Work to complete – Only the lines below from the one containing "Modern, minimalist Easter" through the one containing "10K Yellow Gold" belong in the answer, repeated exactly and without pictures.

Records shown –
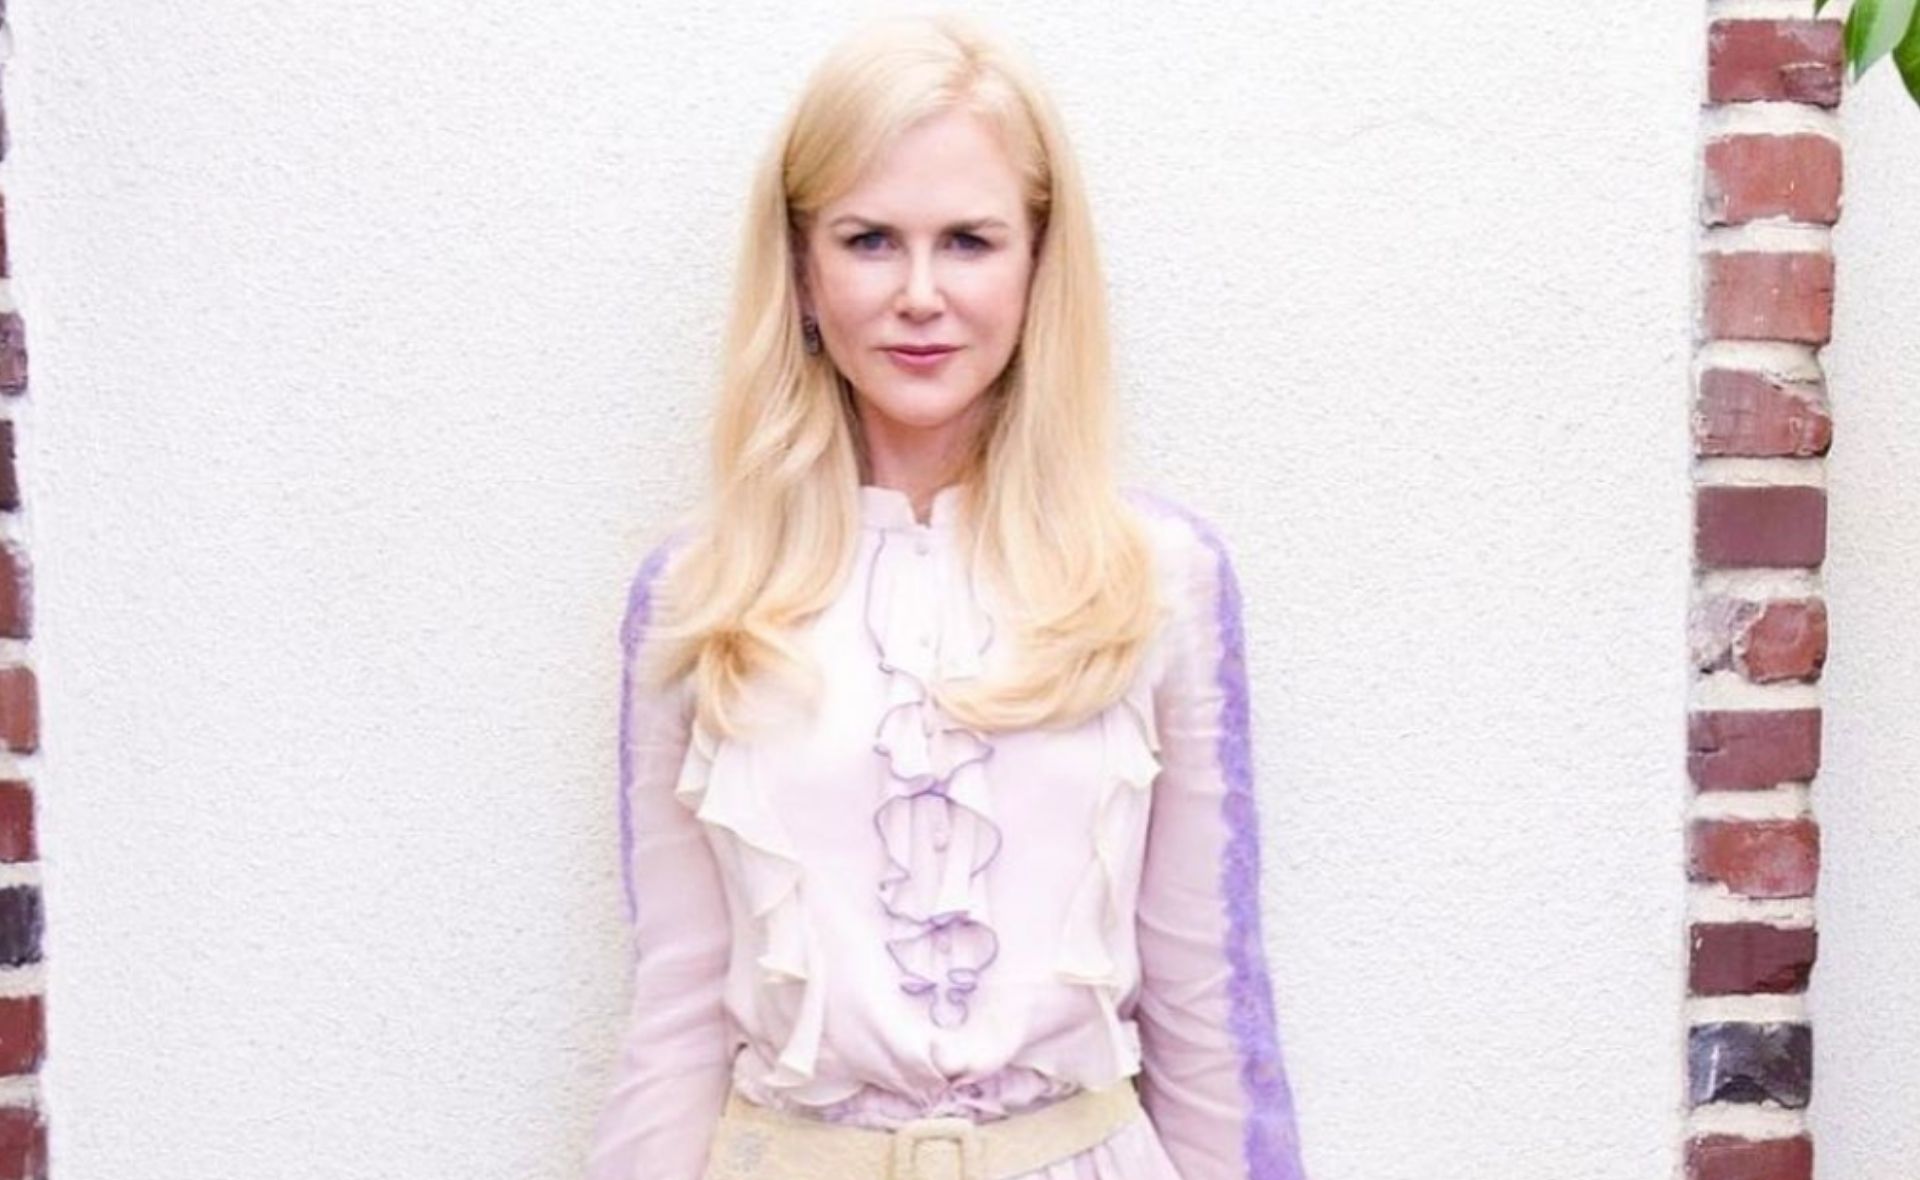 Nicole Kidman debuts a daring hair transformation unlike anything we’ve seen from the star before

==

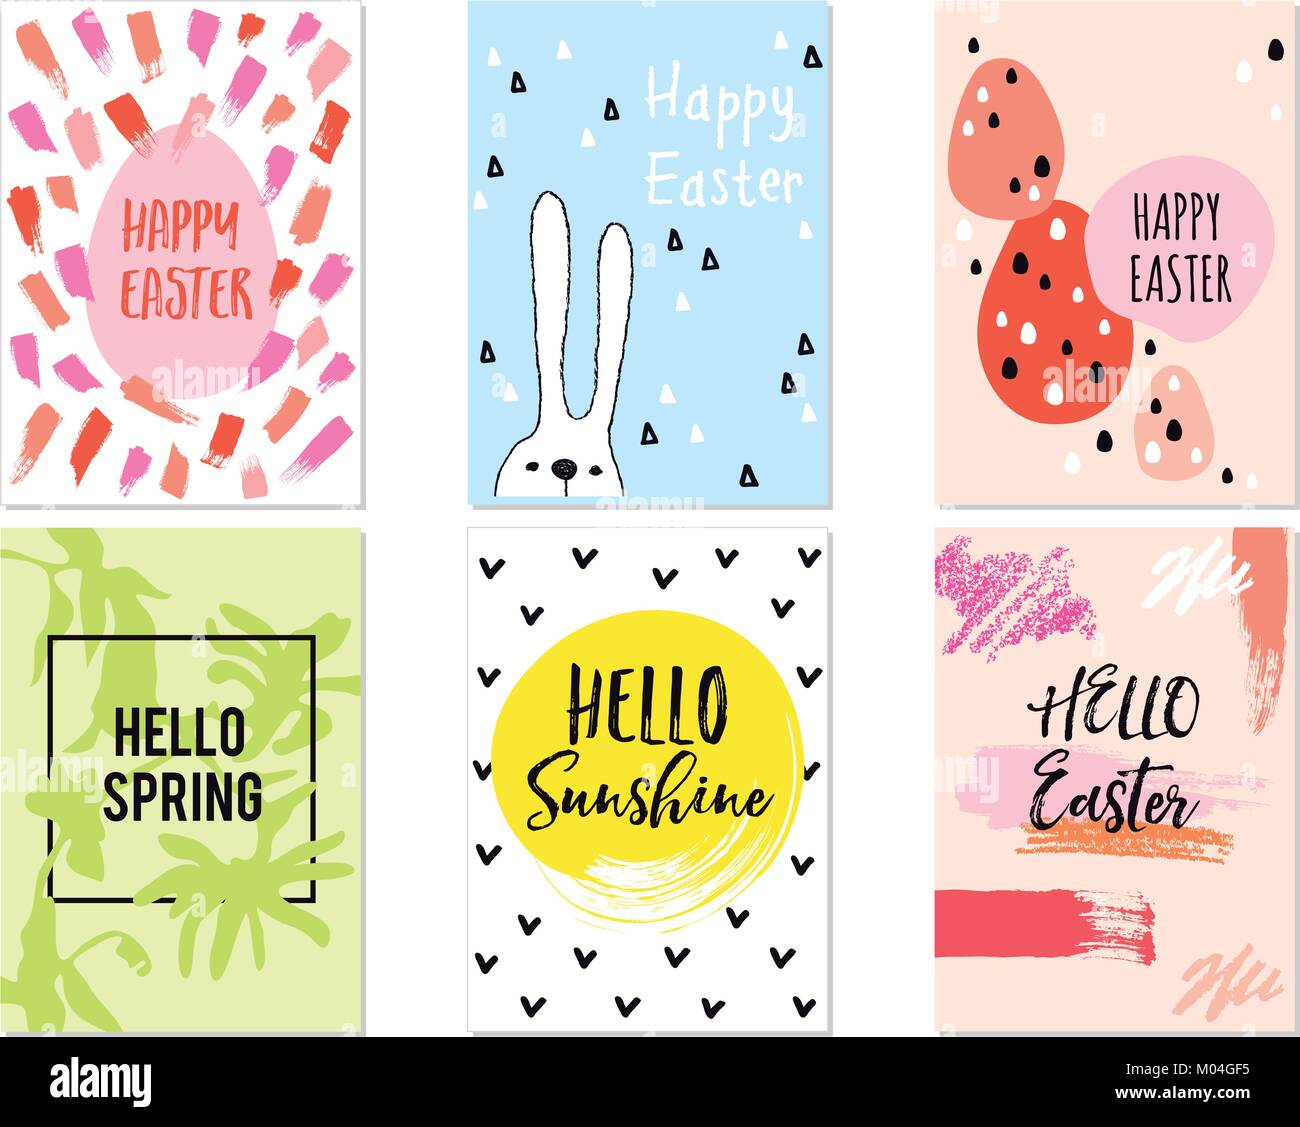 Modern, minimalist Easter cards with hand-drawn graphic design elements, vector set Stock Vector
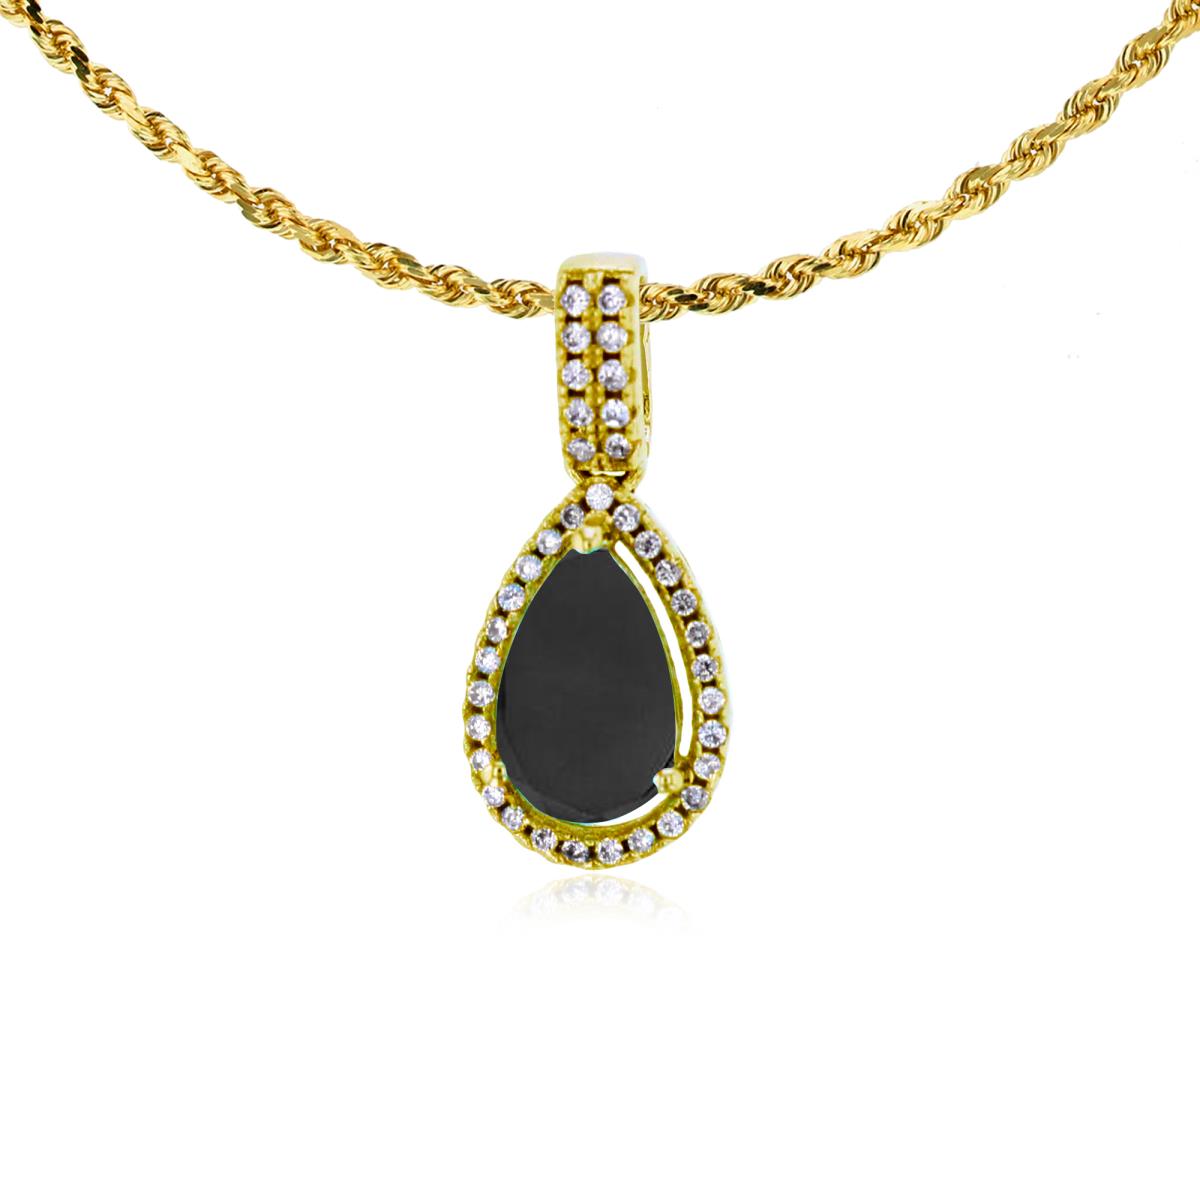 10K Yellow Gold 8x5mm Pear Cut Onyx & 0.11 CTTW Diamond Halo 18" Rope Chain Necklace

Reply –
 Modern, minimalist Easter cards with hand-drawn graphic design elements, vector set Stock Vector
 10K Yellow Gold 8x5mm Pear Cut Onyx & 0.11 CTTW Diamond Halo 18" Rope Chain Necklace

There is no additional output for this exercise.